▶ _Your assignment_
Print nothing except the line holding "English language course" and the lines that come after it in the material below, and leave the pictures out.
===== Collected material
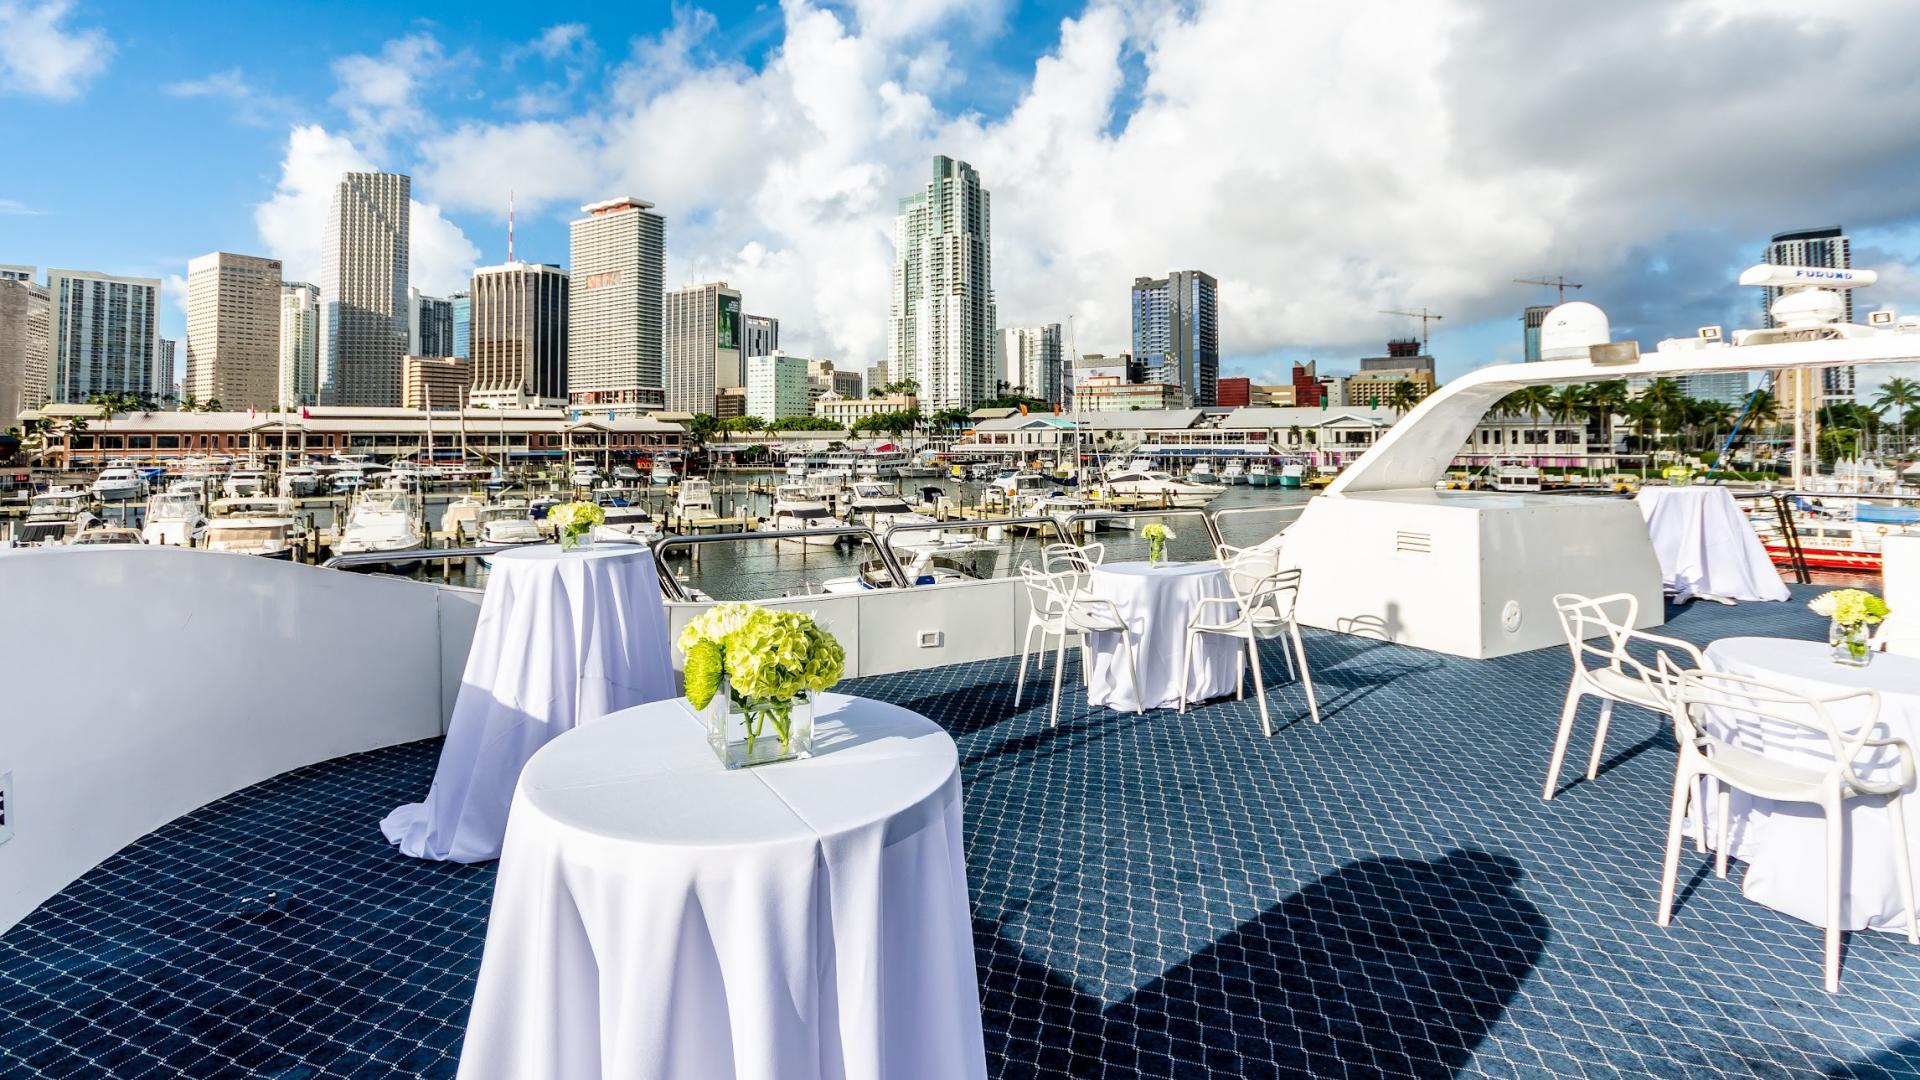 Outdoor Wedding Venues for Rent in Miami, FL
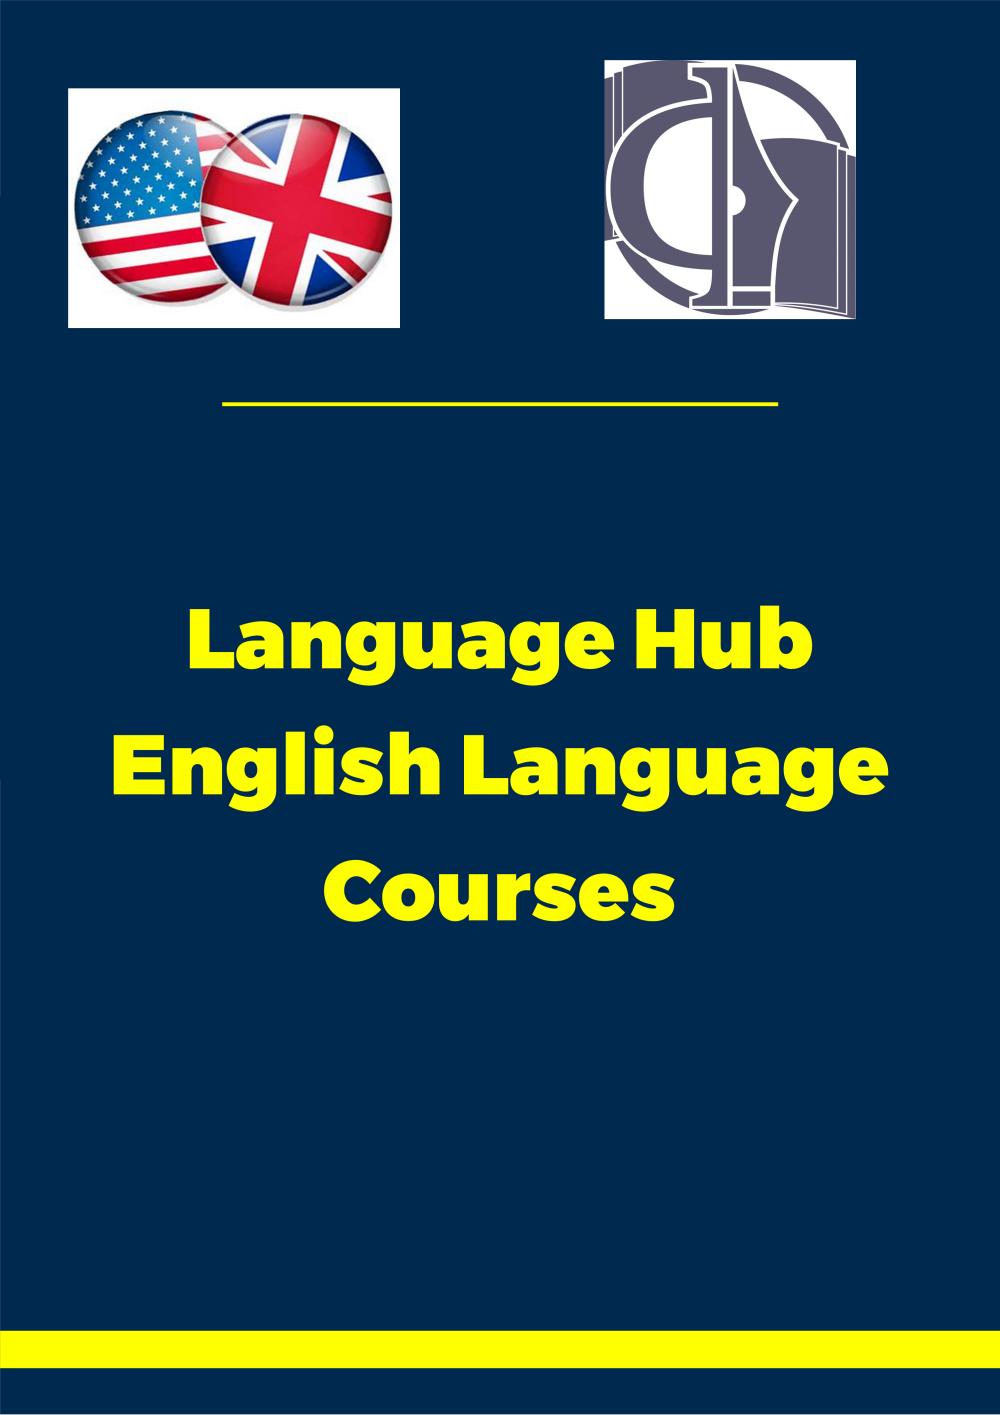 English language course "Language Hub"
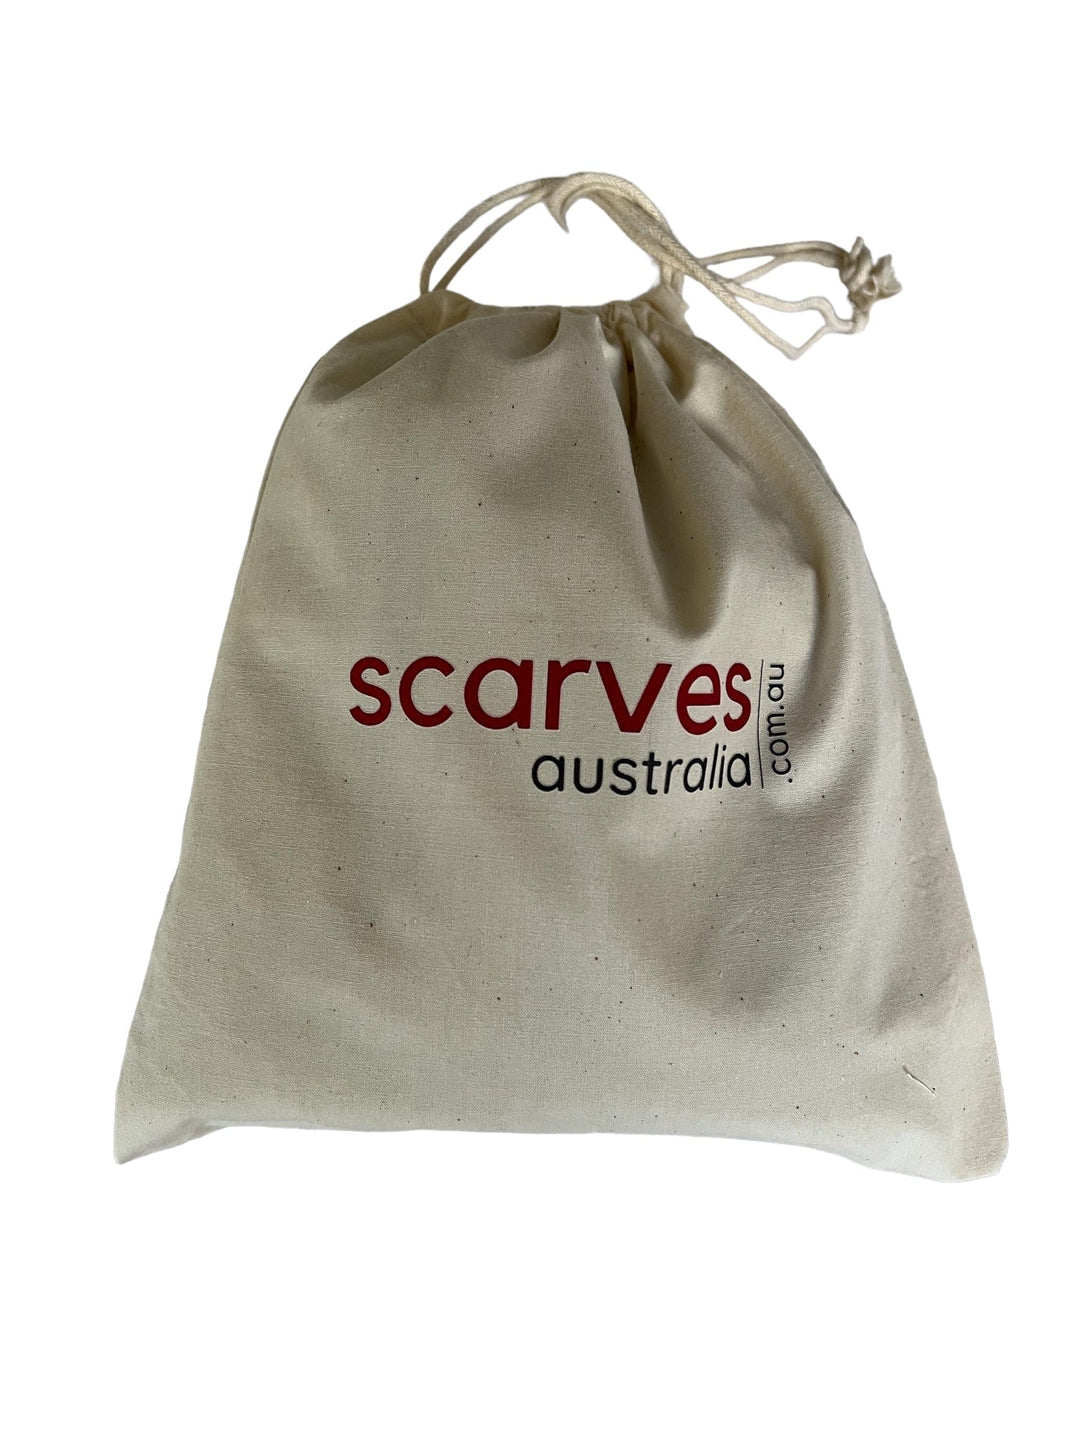 Scarves Australia Bag Scarf Storage Bag - NEW!
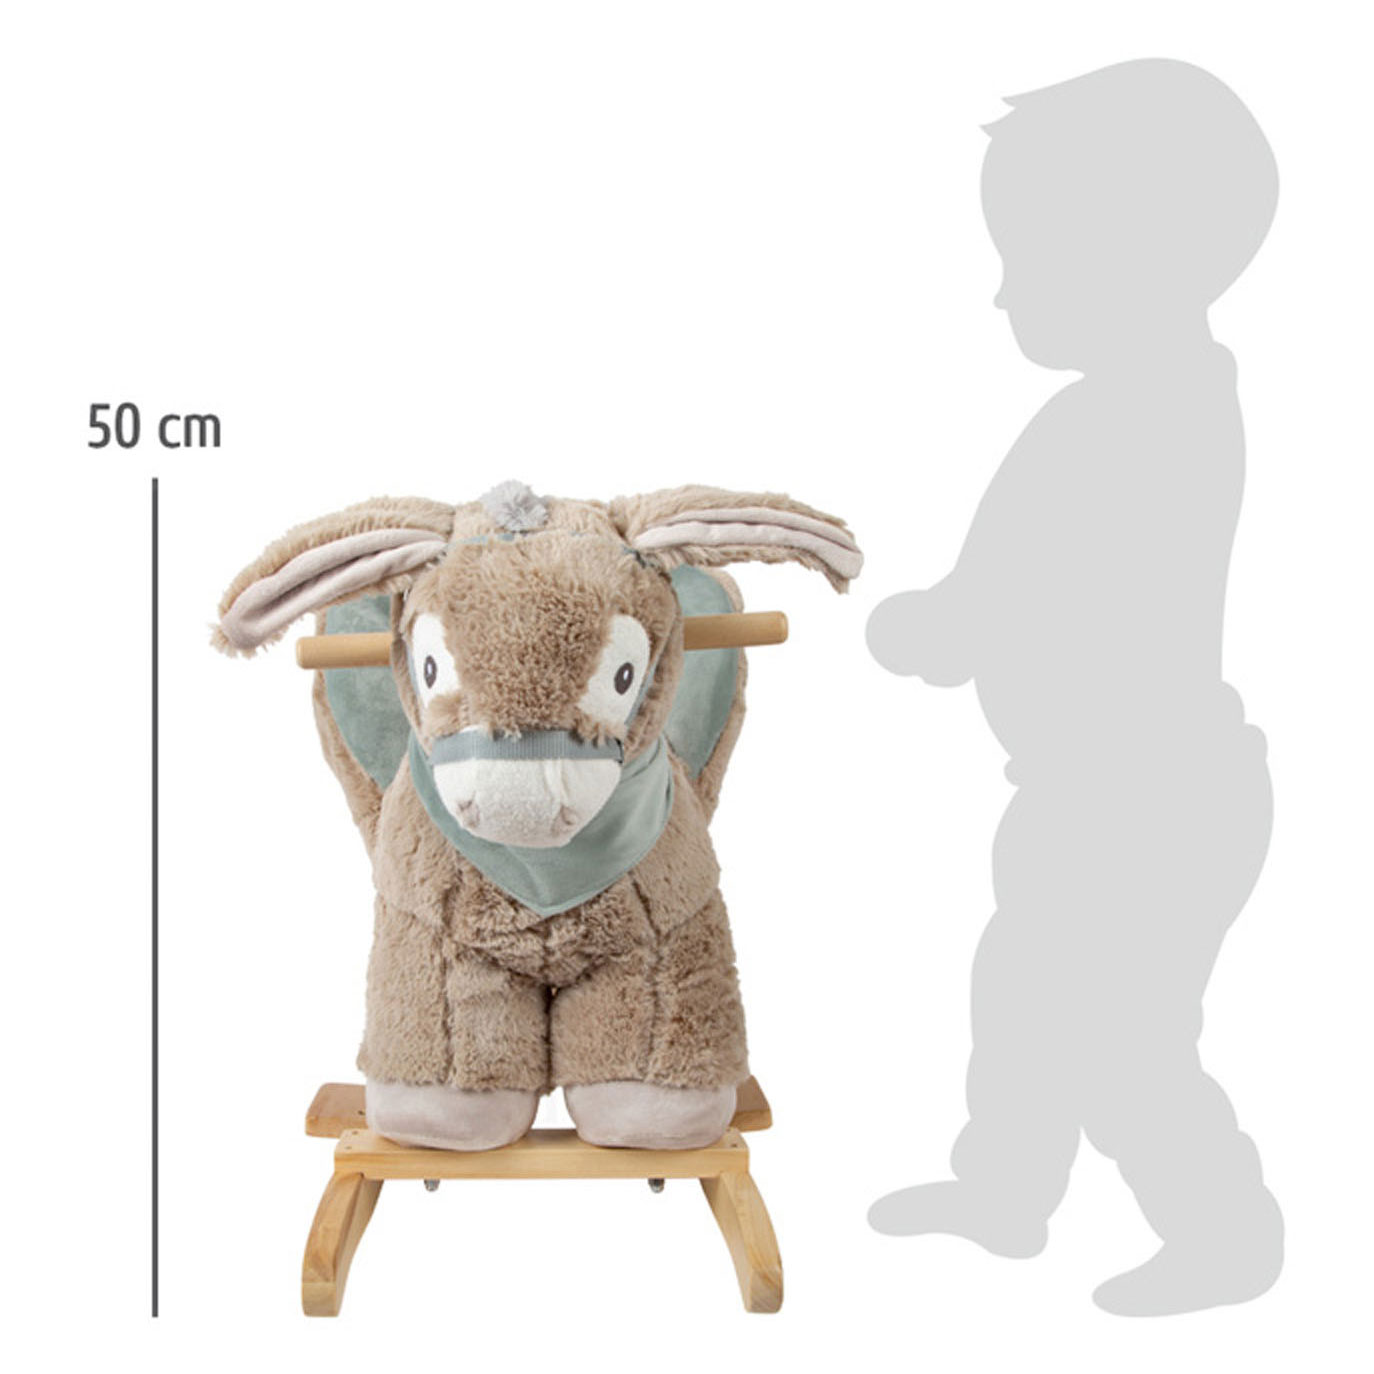 Small Foot - Bump-Esel aus Holz mit Stuhl
==========
▶ _Solution to this problem_
 English language course "Language Hub"
 Scarves Australia Bag Scarf Storage Bag - NEW!
 Small Foot - Bump-Esel aus Holz mit Stuhl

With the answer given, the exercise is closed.